[Recorded data — start]
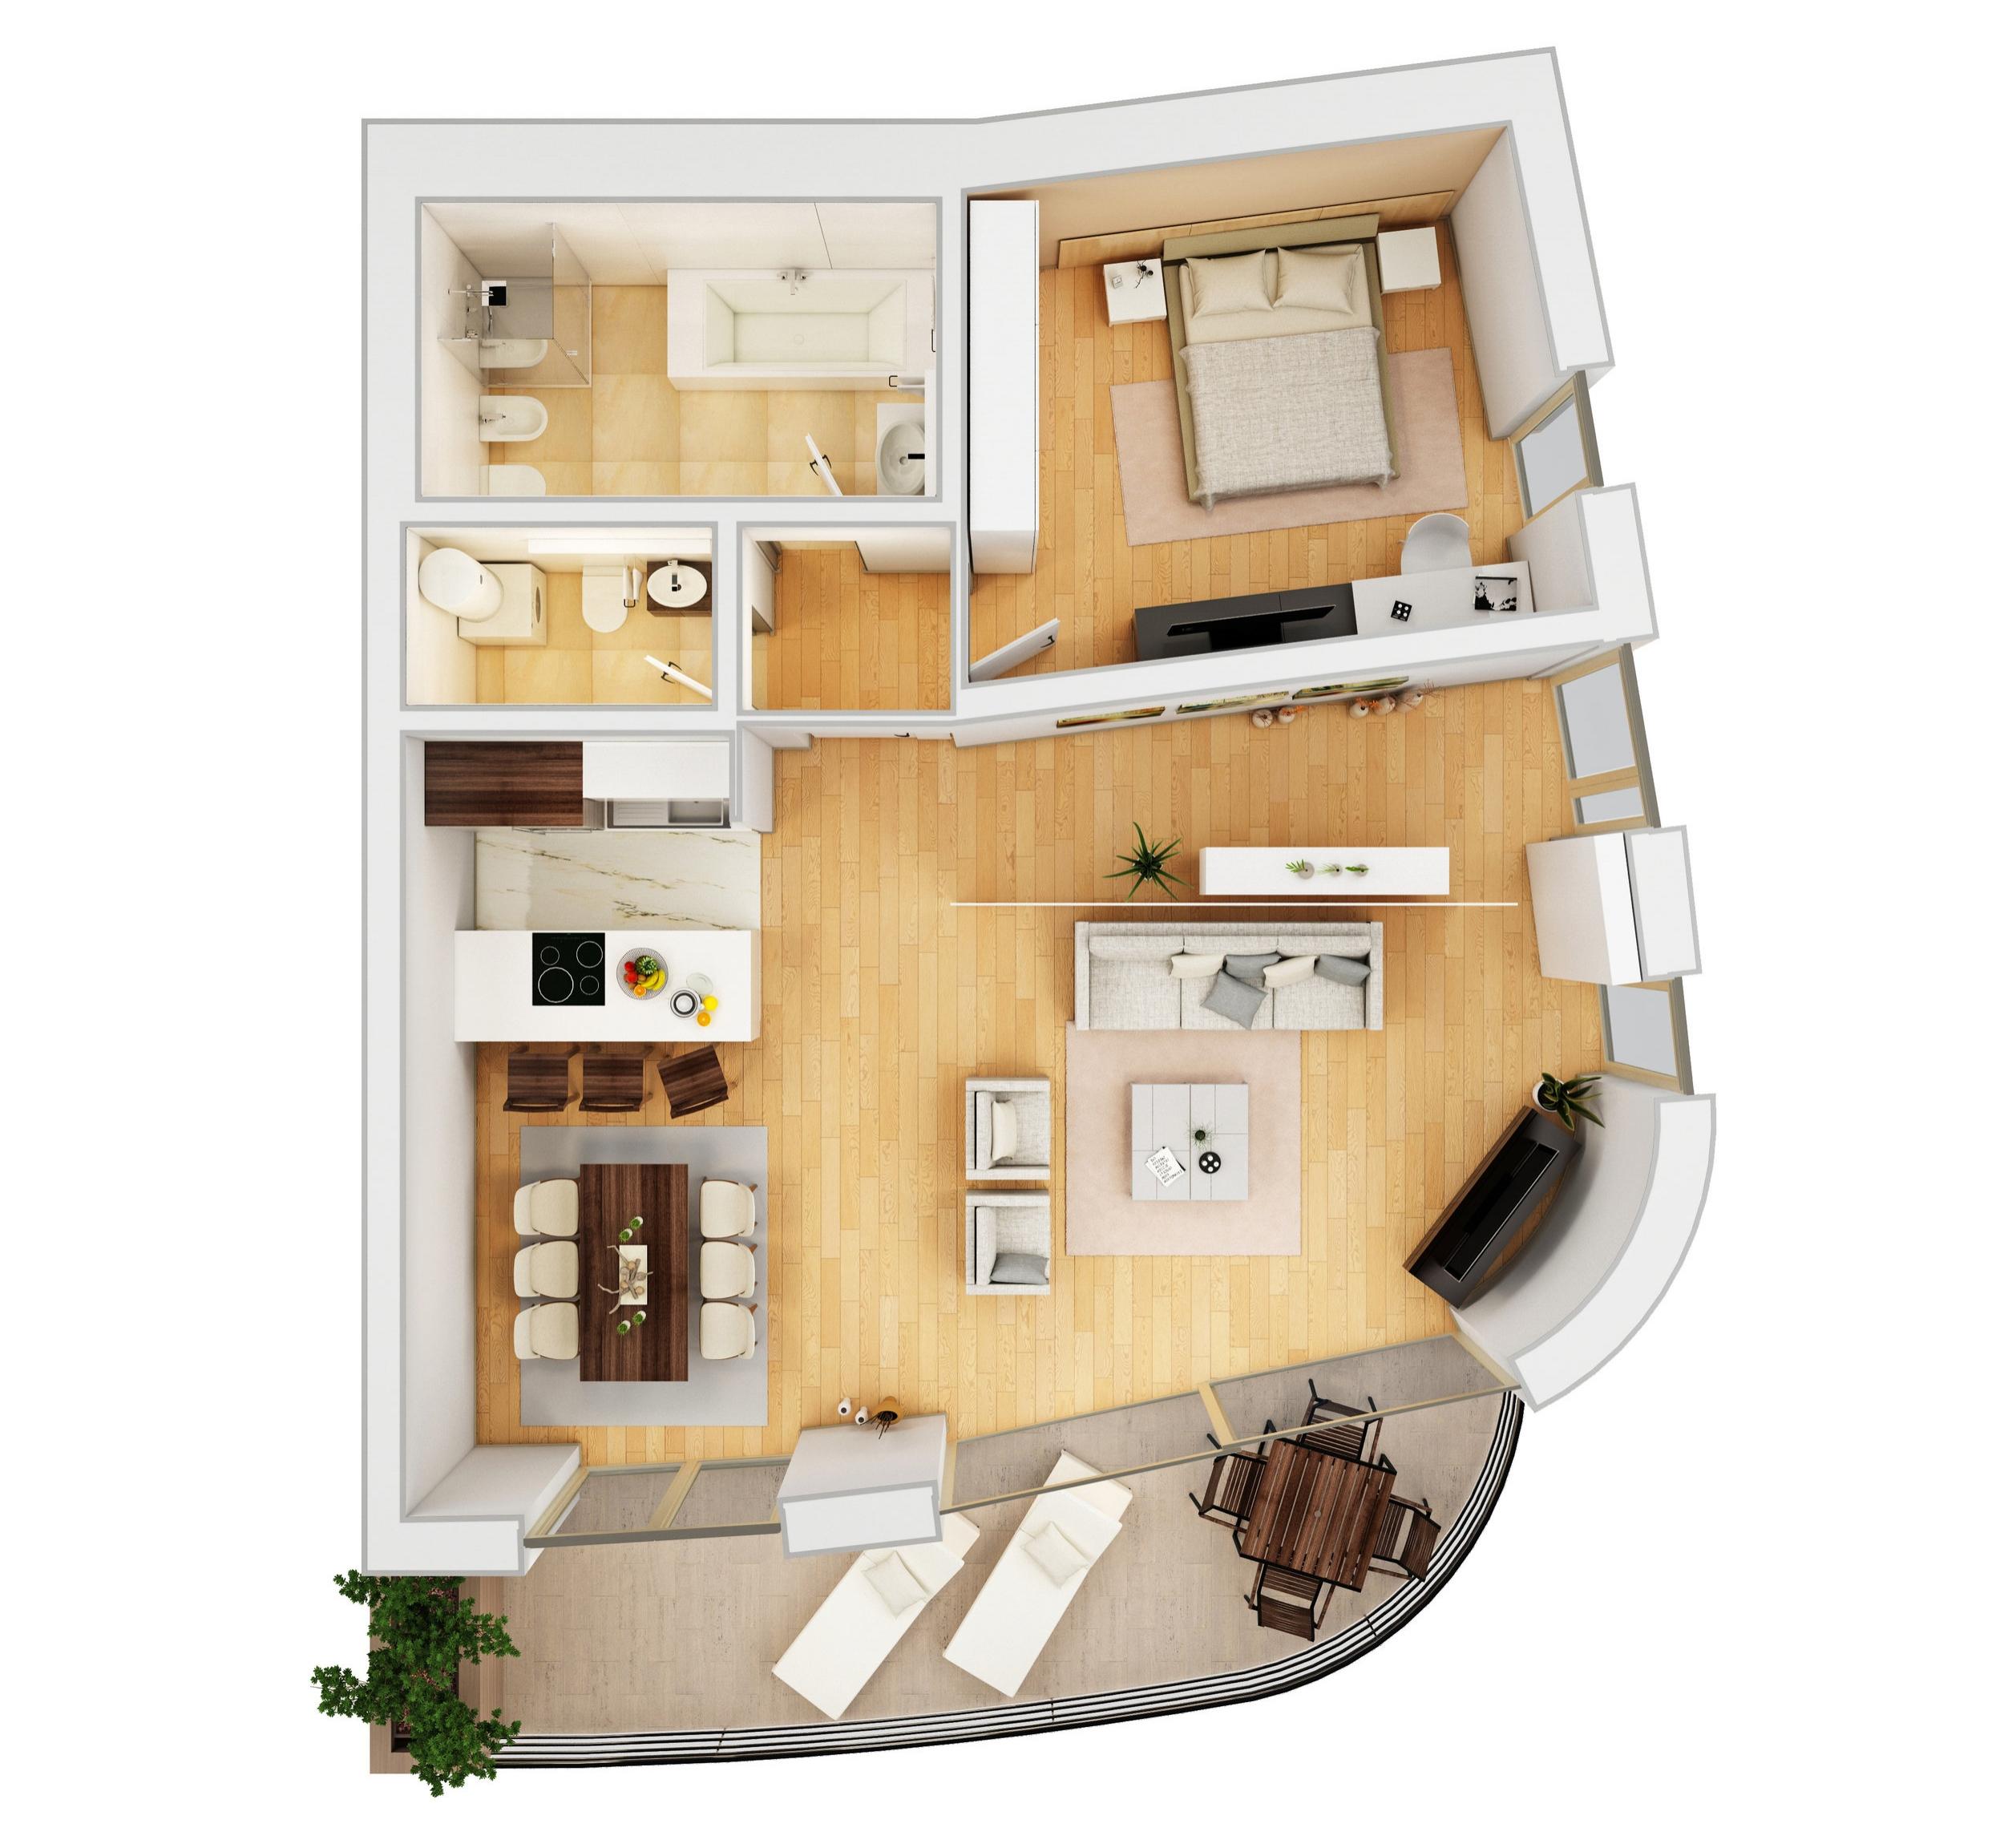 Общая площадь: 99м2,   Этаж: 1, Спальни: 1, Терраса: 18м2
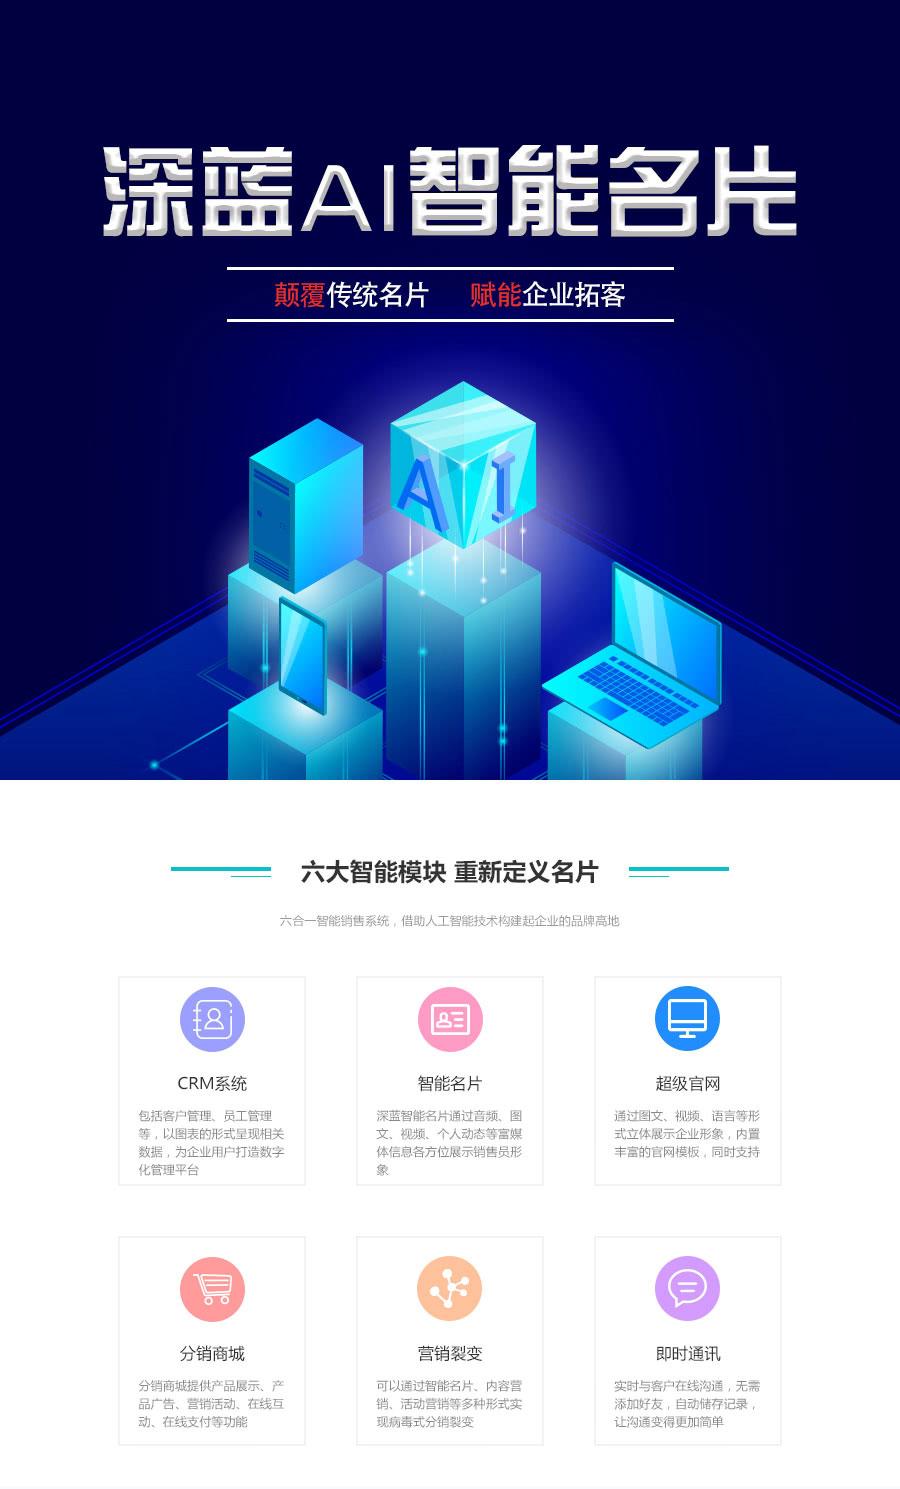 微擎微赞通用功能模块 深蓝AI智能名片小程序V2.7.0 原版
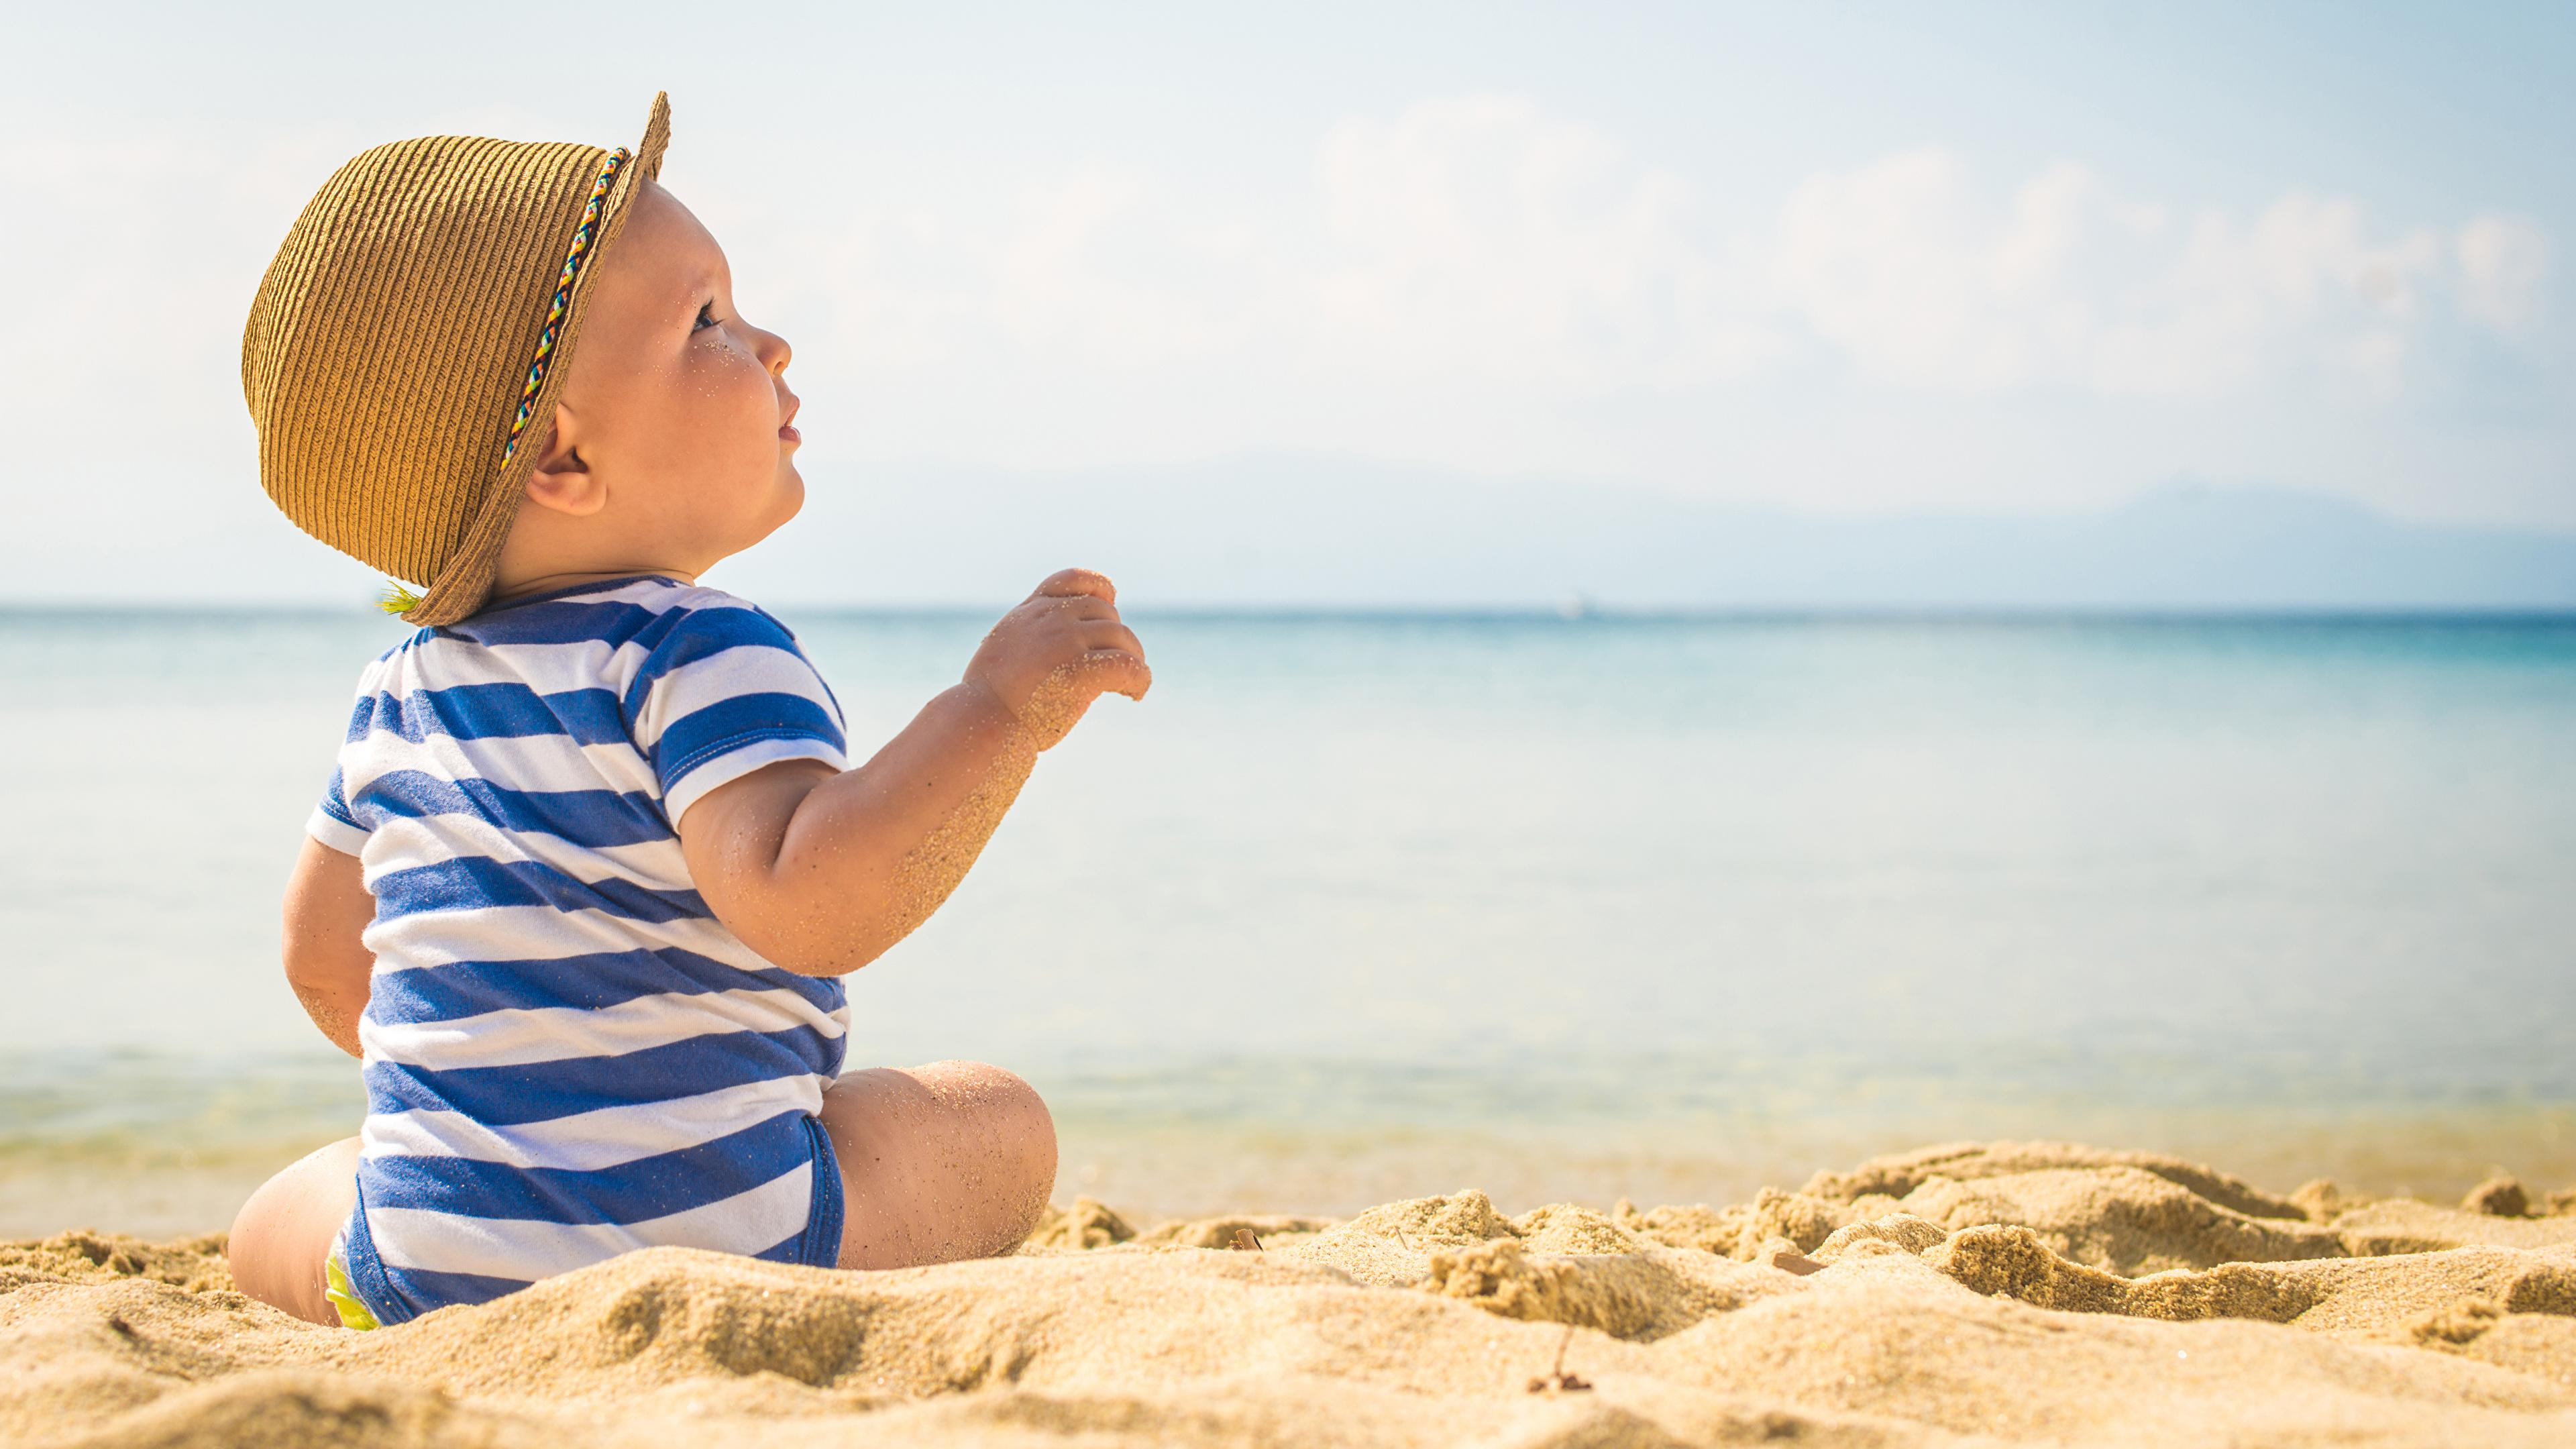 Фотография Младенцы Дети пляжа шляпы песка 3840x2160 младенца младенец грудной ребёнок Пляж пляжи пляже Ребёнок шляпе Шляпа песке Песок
[Recorded data — finish]
Goal of the exercise:
Every line of the material is to be quoted exactly, with no pictures carried over.

Task solution:
 Общая площадь: 99м2,   Этаж: 1, Спальни: 1, Терраса: 18м2
 微擎微赞通用功能模块 深蓝AI智能名片小程序V2.7.0 原版
 Фотография Младенцы Дети пляжа шляпы песка 3840x2160 младенца младенец грудной ребёнок Пляж пляжи пляже Ребёнок шляпе Шляпа песке Песок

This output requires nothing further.